The earlier you catch it, the smaller the blast radius.

Correlating notebook actions with unexpected agent-driven enumeration

The clearest sign of an agentic post-exploitation workflow is repetitive, adaptive enumeration. It looks like this:

many small read-only operations
branching based on output
sudden focus on one interesting directory
a shift from discovery to credential hunting
a network call that does not match the normal notebook workflow

If your logging can correlate notebook cell execution with process creation and network events, you can often reconstruct the exact point where the attacker shifted from “testing the environment” to “working the environment.”

That is the point where response should escalate.

A practical hardening checklist for developers

I like checklists for notebook systems because they force the uncomfortable truth: local tools become remote surfaces once they are shared, proxied, or exposed.

Secure defaults for local-first tools that can become remote surfaces

If you build or deploy notebook software, default to the safest possible stance:

bind to localhost unless remote access is explicitly required
require authentication before execution
separate content rendering from code execution paths
make unsafe features opt-in, not on by default
log notebook execution and process spawning clearly
document the trust model in plain language

The point is to make it hard to accidentally expose an execution surface and easy to see when someone does.

Secrets handling, service accounts, and environment hygiene

A compromise gets much worse when the notebook process is surrounded by secrets. Clean that up.

keep long-lived secrets out of environment variables when possible
use short-lived scoped tokens
rotate credentials after any notebook exposure
remove unused cloud credentials from developer hosts
separate notebook credentials from deployment credentials
scrub sensitive outputs from saved notebooks and checkpoints

If you only do one thing, reduce what the notebook process can inherit at startup. That alone can cut the impact of post-exploitation dramatically.

What incident responders should preserve first

If you are responding to a notebook compromise, do not rush to reimage before you have collected the useful state. Notebook incidents often leave the most important clues in memory, logs, and execution state.

Volatile evidence, notebook state, and execution history

Preserve:

process tree and child processes
active network connections
notebook server logs
notebook execution history
shell history for the runtime user
mounted volumes and their permissions
current environment variables
recent file access and command traces if available

The notebook’s state matters because it can show which cell or session introduced the suspicious behavior. That is often more useful than the final payload.

Questions to answer before rebuilding or reimaging

Before you wipe anything, answer these questions:

What was the initial ingress path?
Which identity did the notebook run as?
What secrets were present in the environment?
Did the attacker touch local files, cloud credentials, or internal services?
Was any outbound traffic associated with a model API or agent runner?
Did the attacker stage data, or only enumerate?
How long was the notebook reachable before detection?

Those answers shape the containment plan and the follow-up rotation work. If you skip them, you will probably have to revisit the incident later with less evidence.

Closing perspective: why the post-exploit stage is the real story

The headline exploit gets attention, but the post-exploit phase is where the damage is decided.

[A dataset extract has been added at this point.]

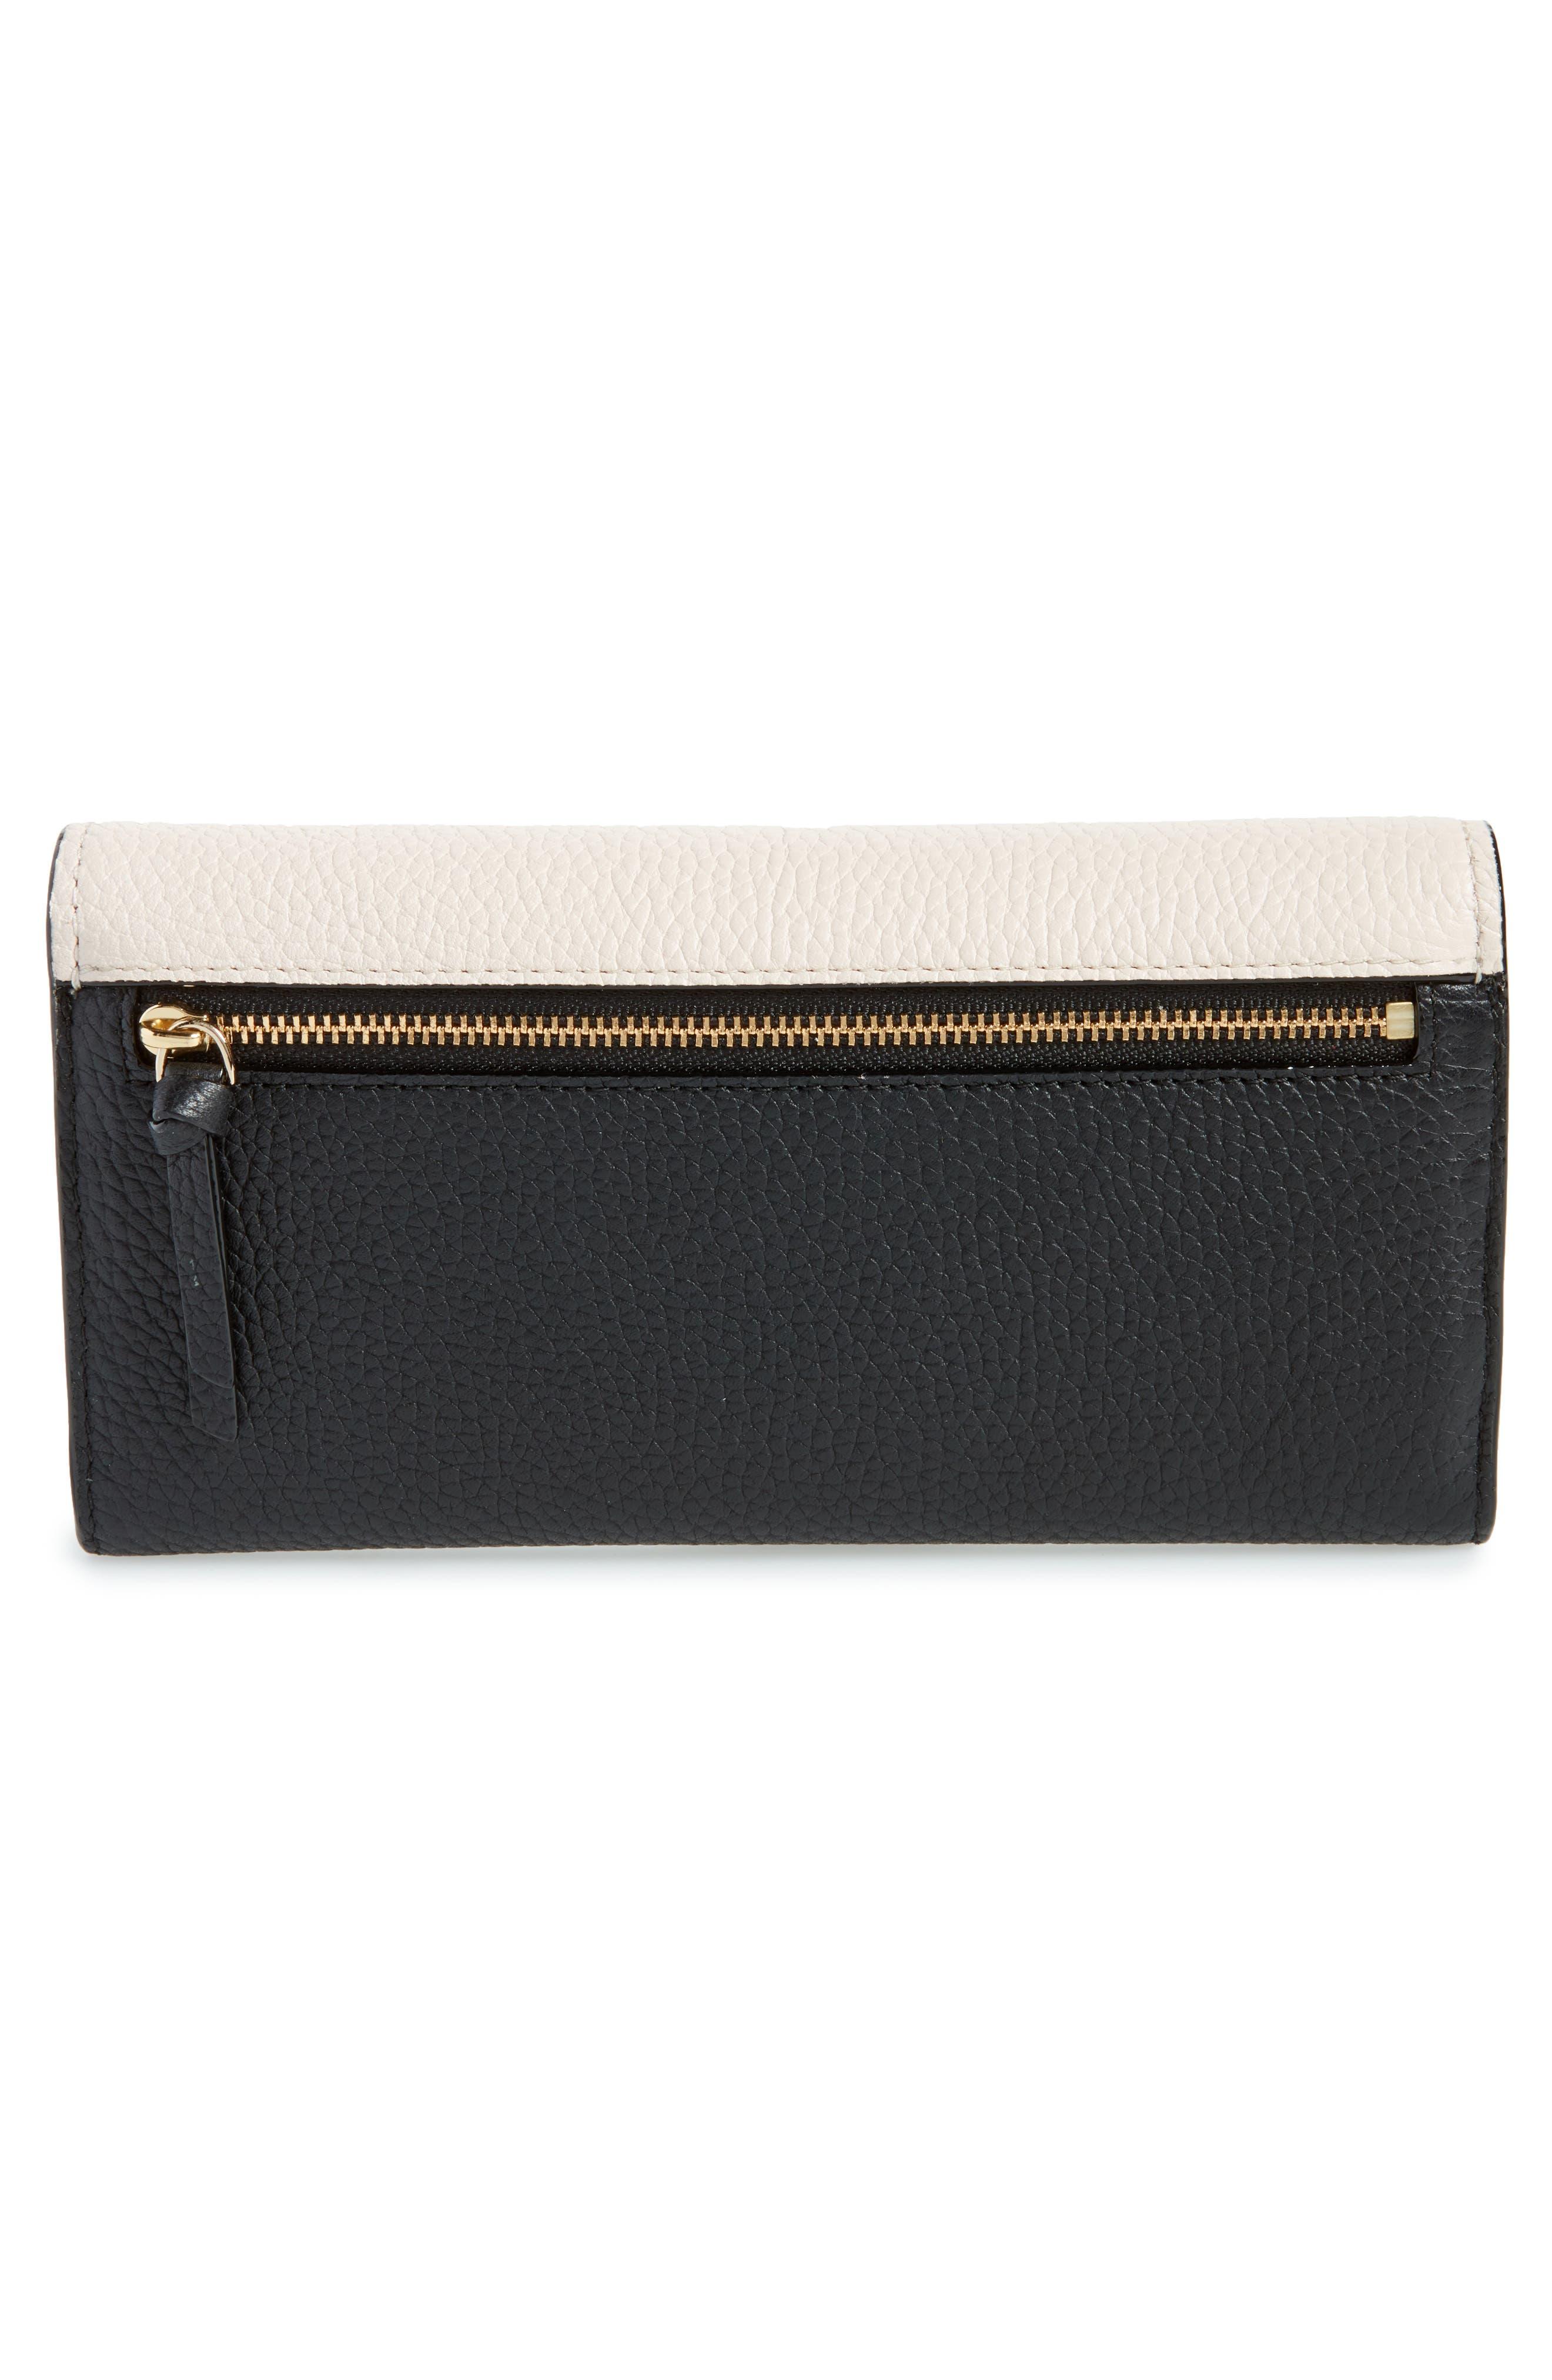 jackson street - kinsley leather wallet,                             Alternate thumbnail 4, color,                             Black/ Bleach Bone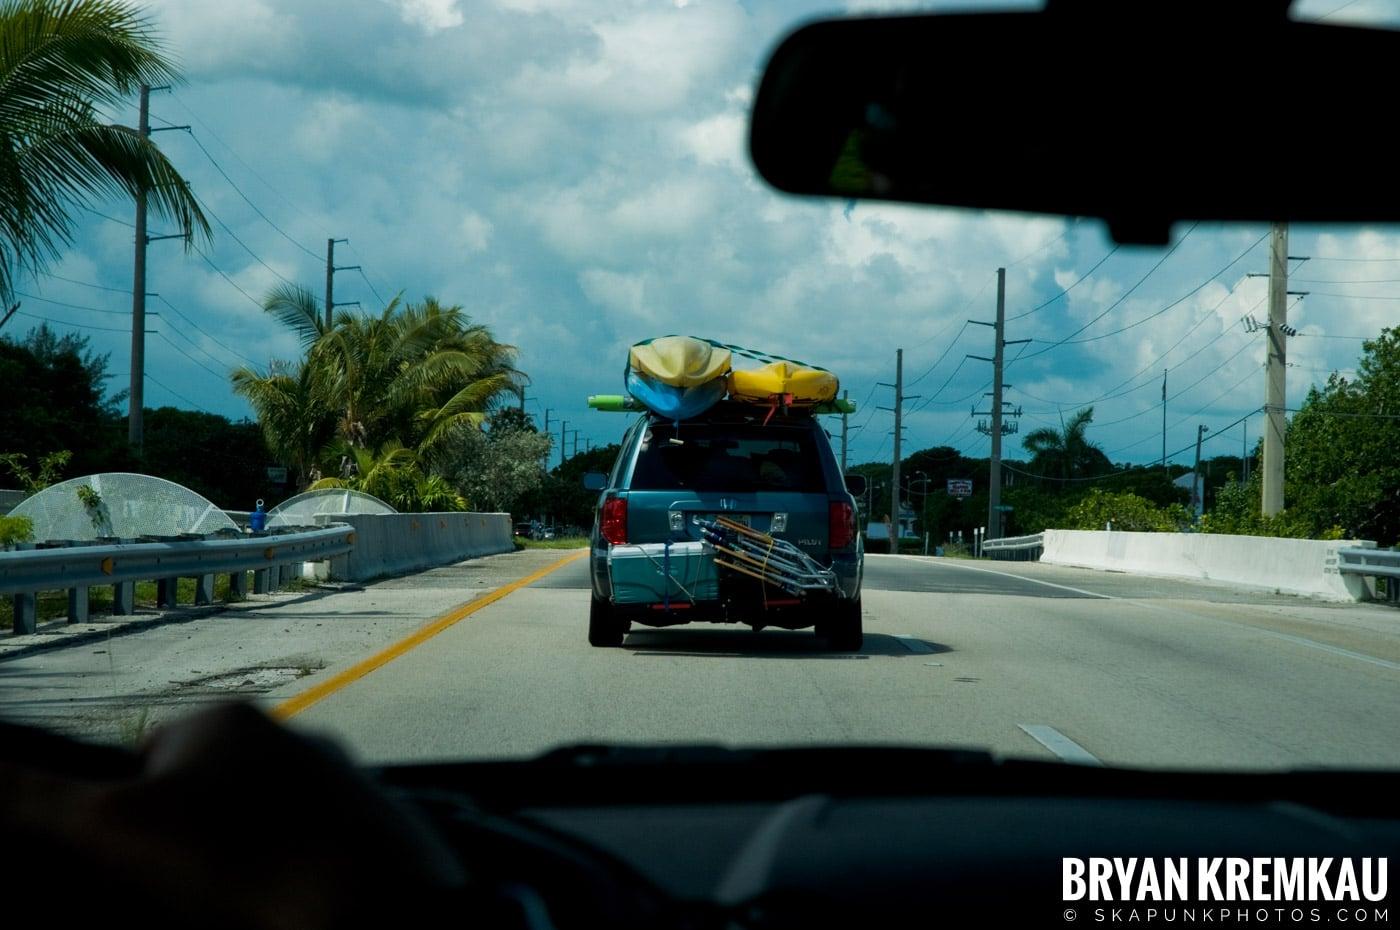 Florida Keys Vacation - 7.09.10 - 7.15.10 (88)

The Marimo report is a good reminder that attackers are increasingly willing to put an LLM agent in the middle of their workflow once they have a foothold. That does not mean the agent is smarter than the attacker. It means the attacker can spend less time manually poking around and more time exploiting the environment’s own assumptions.

For defenders, the response is not to panic about “AI attackers” as a category. The response is to tighten the places where notebook software crosses trust boundaries, reduce the secrets available to the runtime, and watch for the sequence that turns code execution into environment mapping and data access.

If your notebook can reach real assets, then the post-exploitation phase is not an edge case. It is the main event.